▸ **INFORMATION PROVIDED**

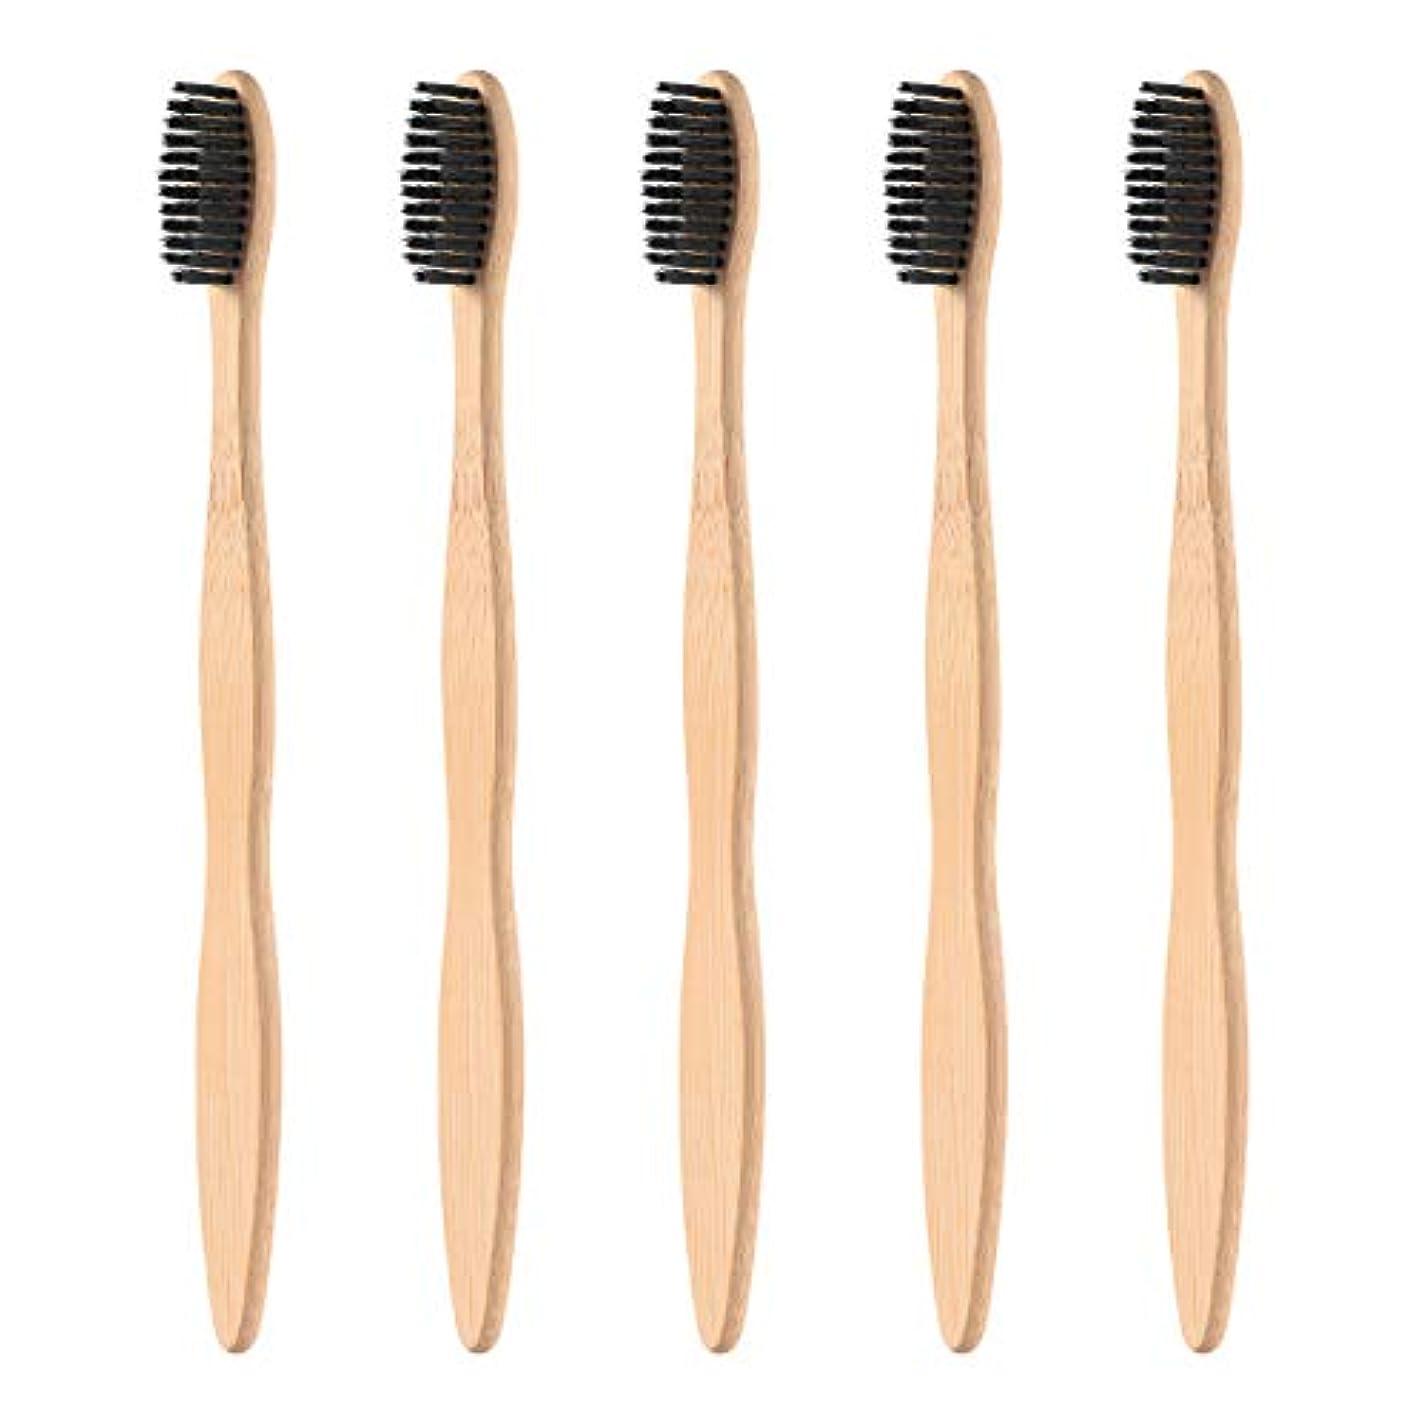 SUPVOX 5本の天然竹製の歯ブラシ木製エコフレンドリーな歯ブラシで黒く柔らかい剛毛
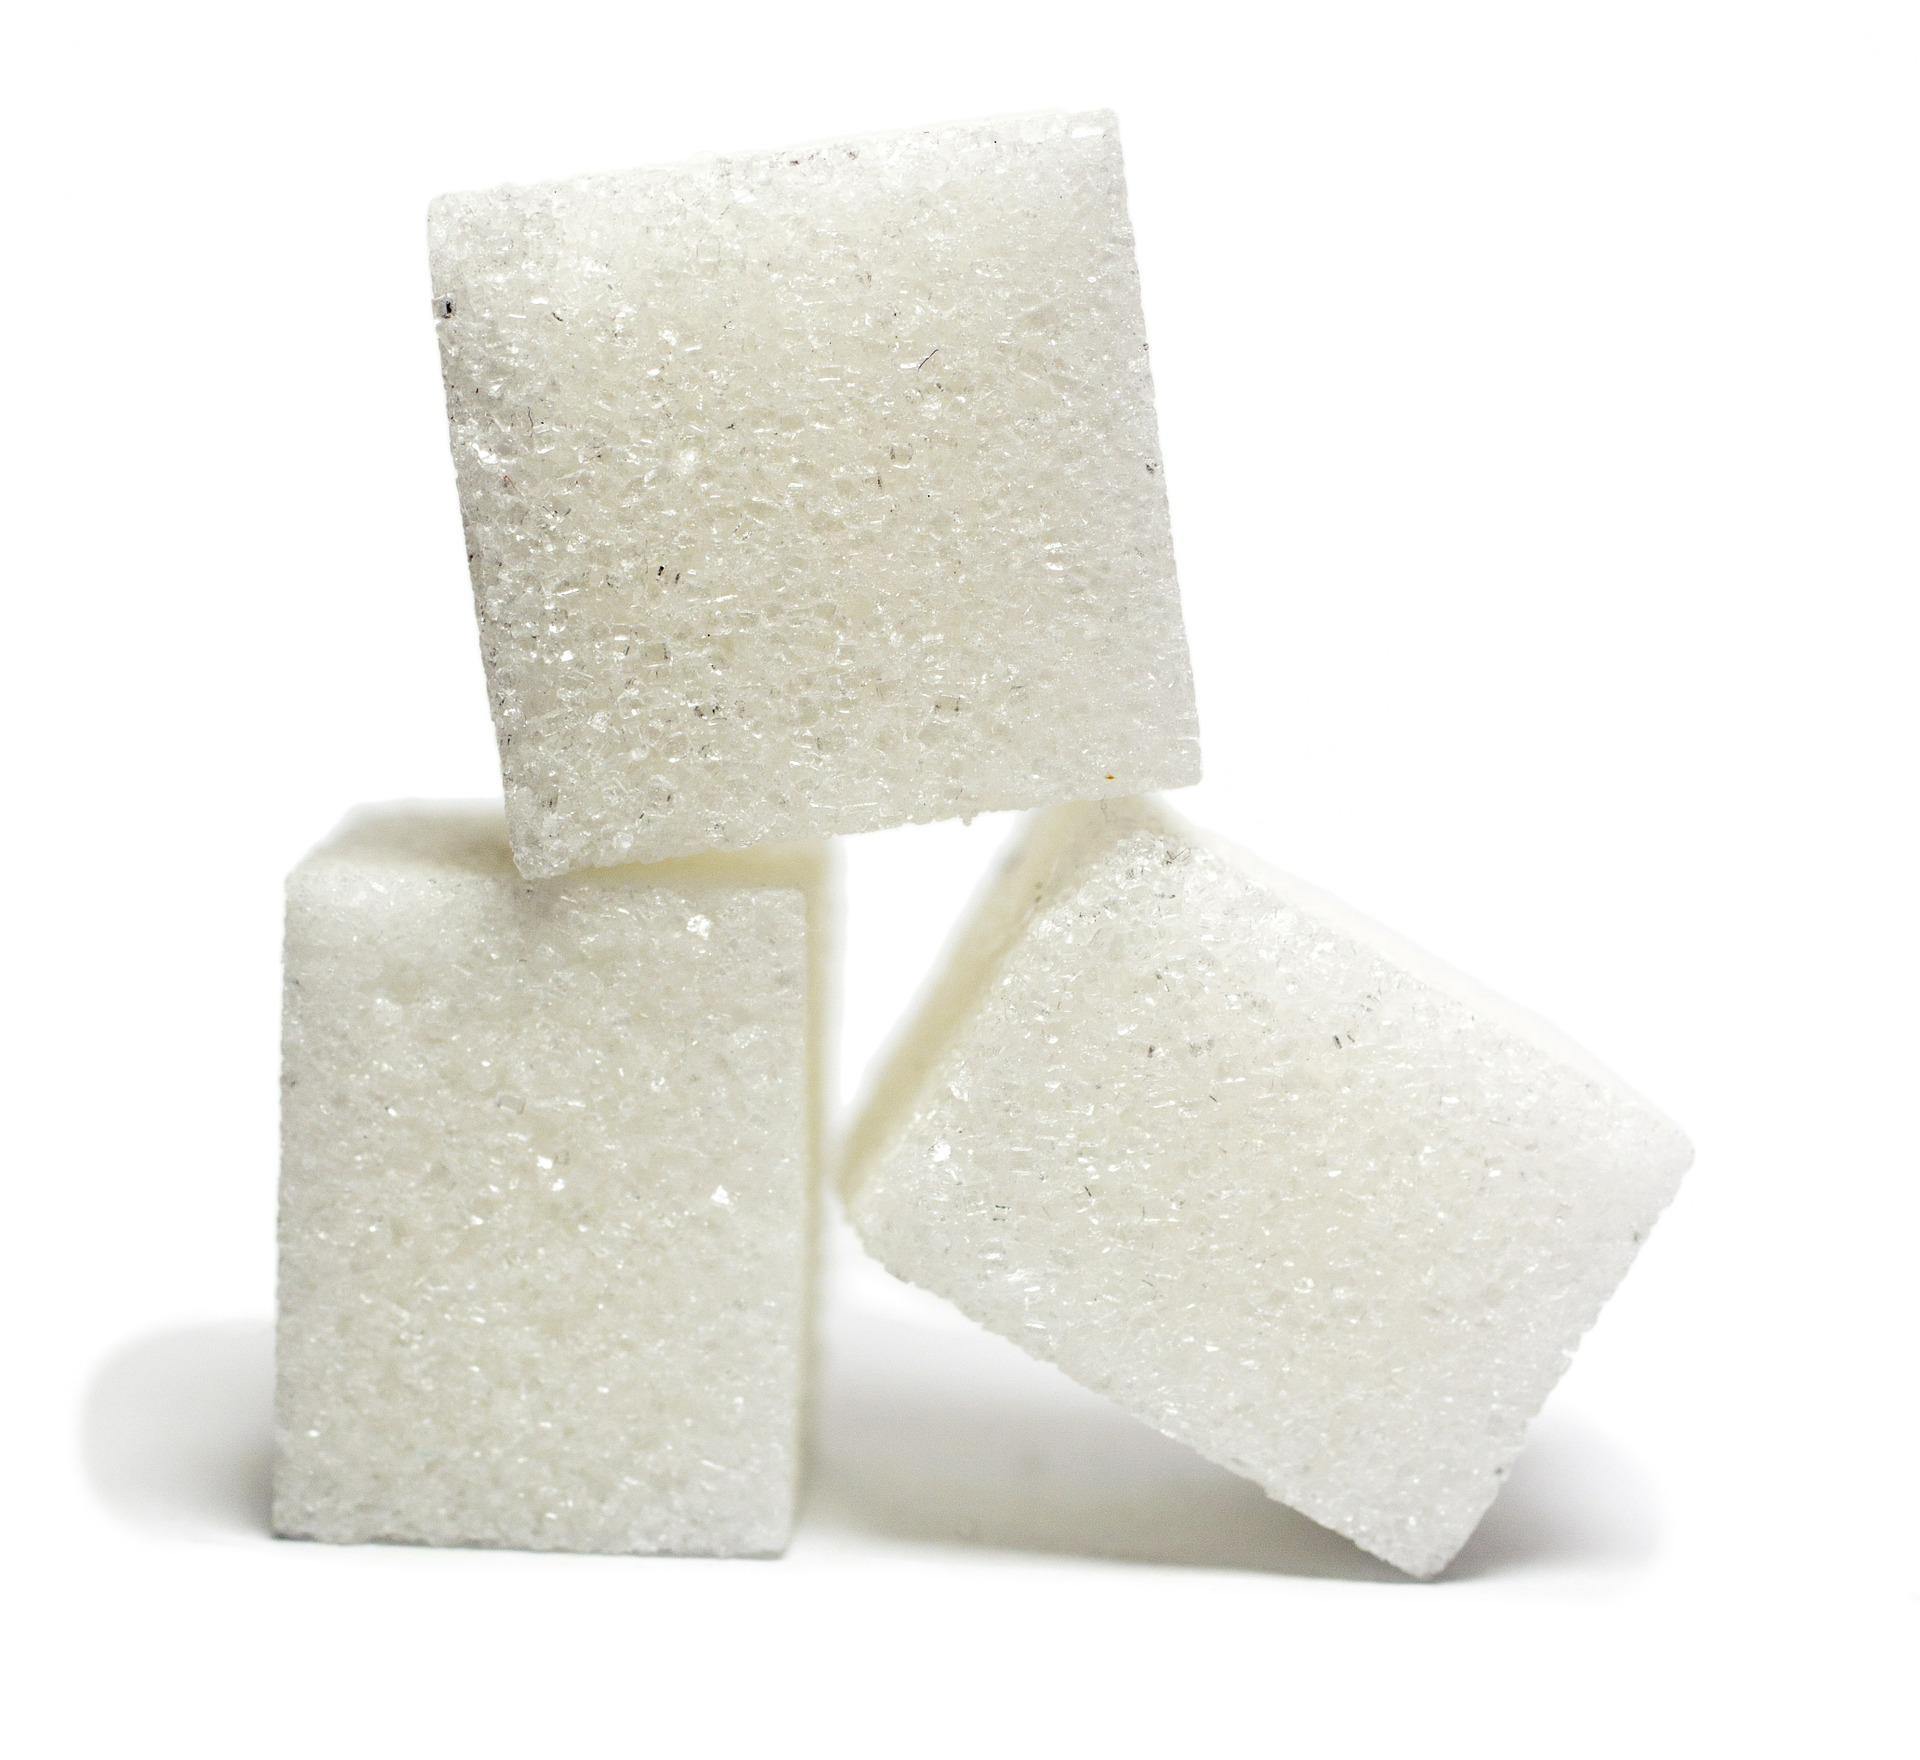 Cena cukru: duża produkcja zmniejszyła ceny
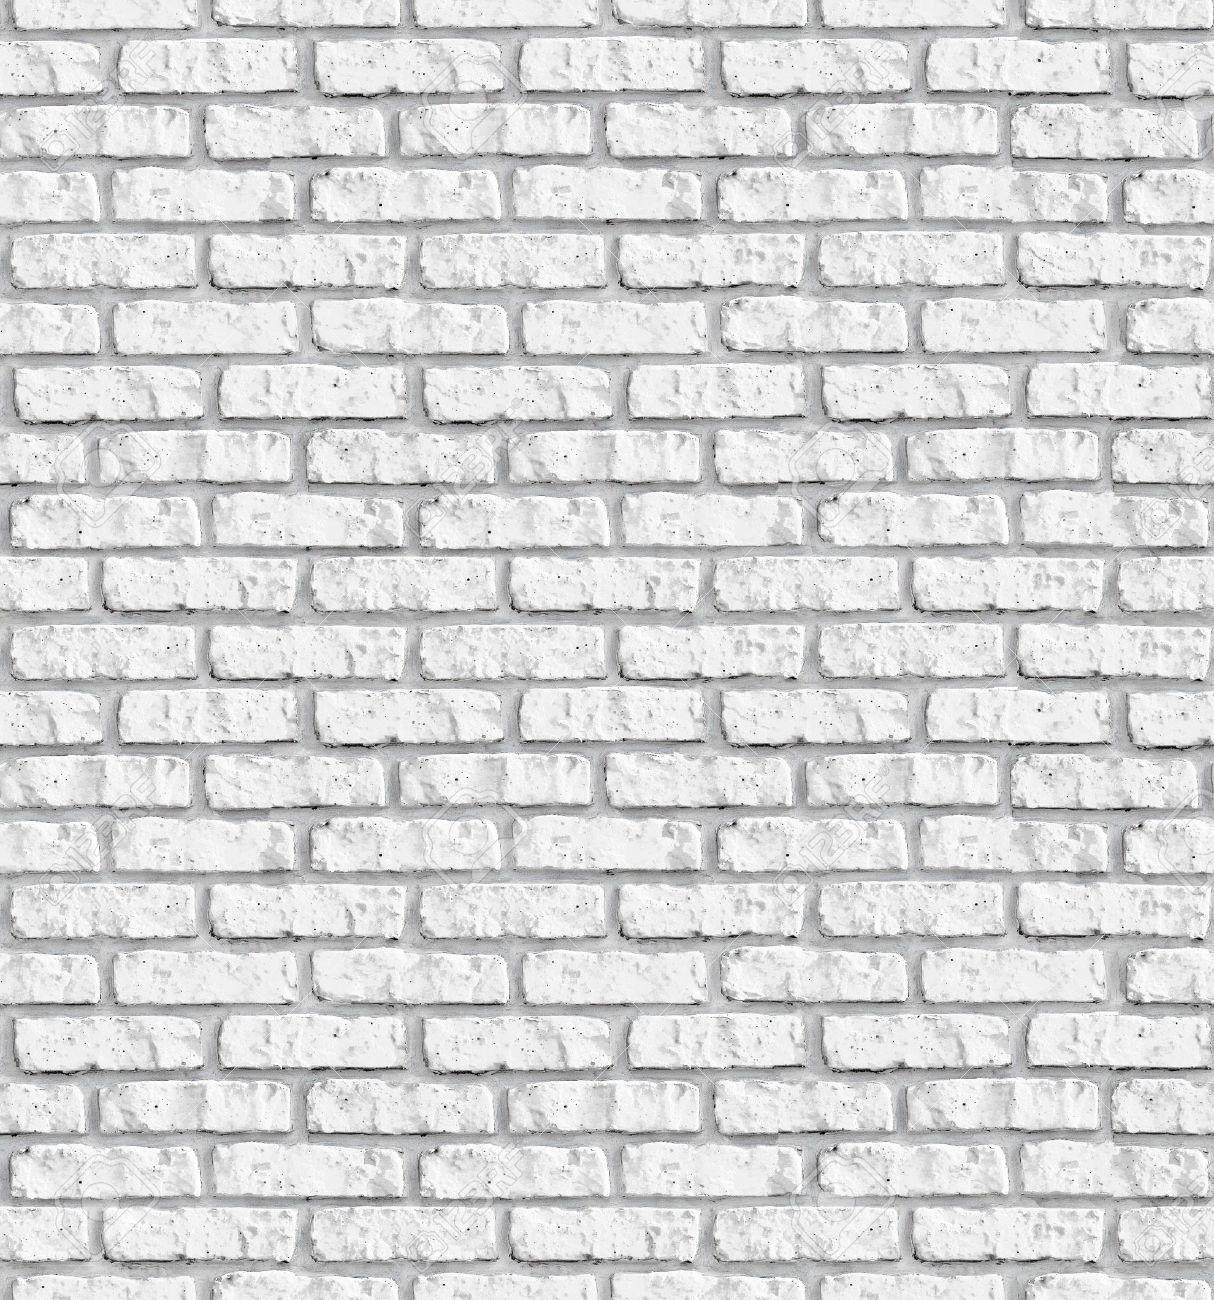 Blanco Brickwall De Fondo Sin Fisuras - Patrón De Textura Continua ...
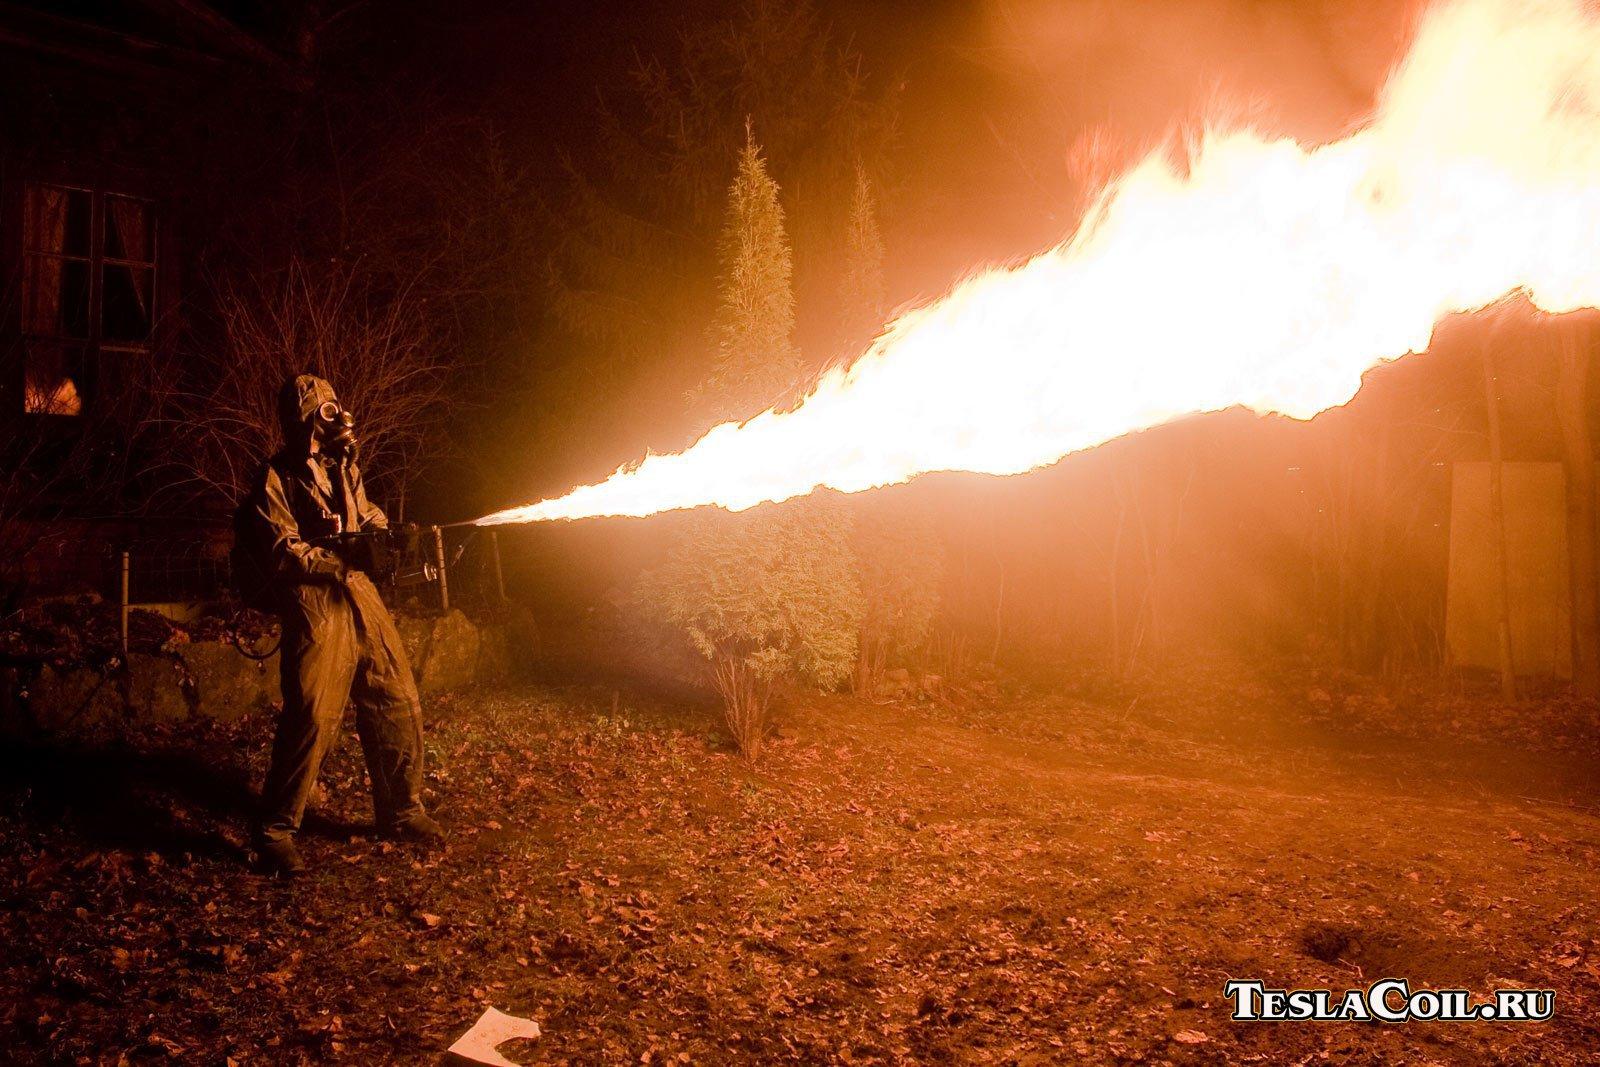 Как сделать ручной огнемёт

▸ **EXERCISE OBJECTIVE**
Beginning with the line that contains "Blanco Brickwall De" and ending with the last line of the data, restate each line word for word. Exclude the pictures.

▸ **SOLUTION FOR THIS EXERCISE**
 Blanco Brickwall De Fondo Sin Fisuras - Patrón De Textura Continua ...
 Как сделать ручной огнемёт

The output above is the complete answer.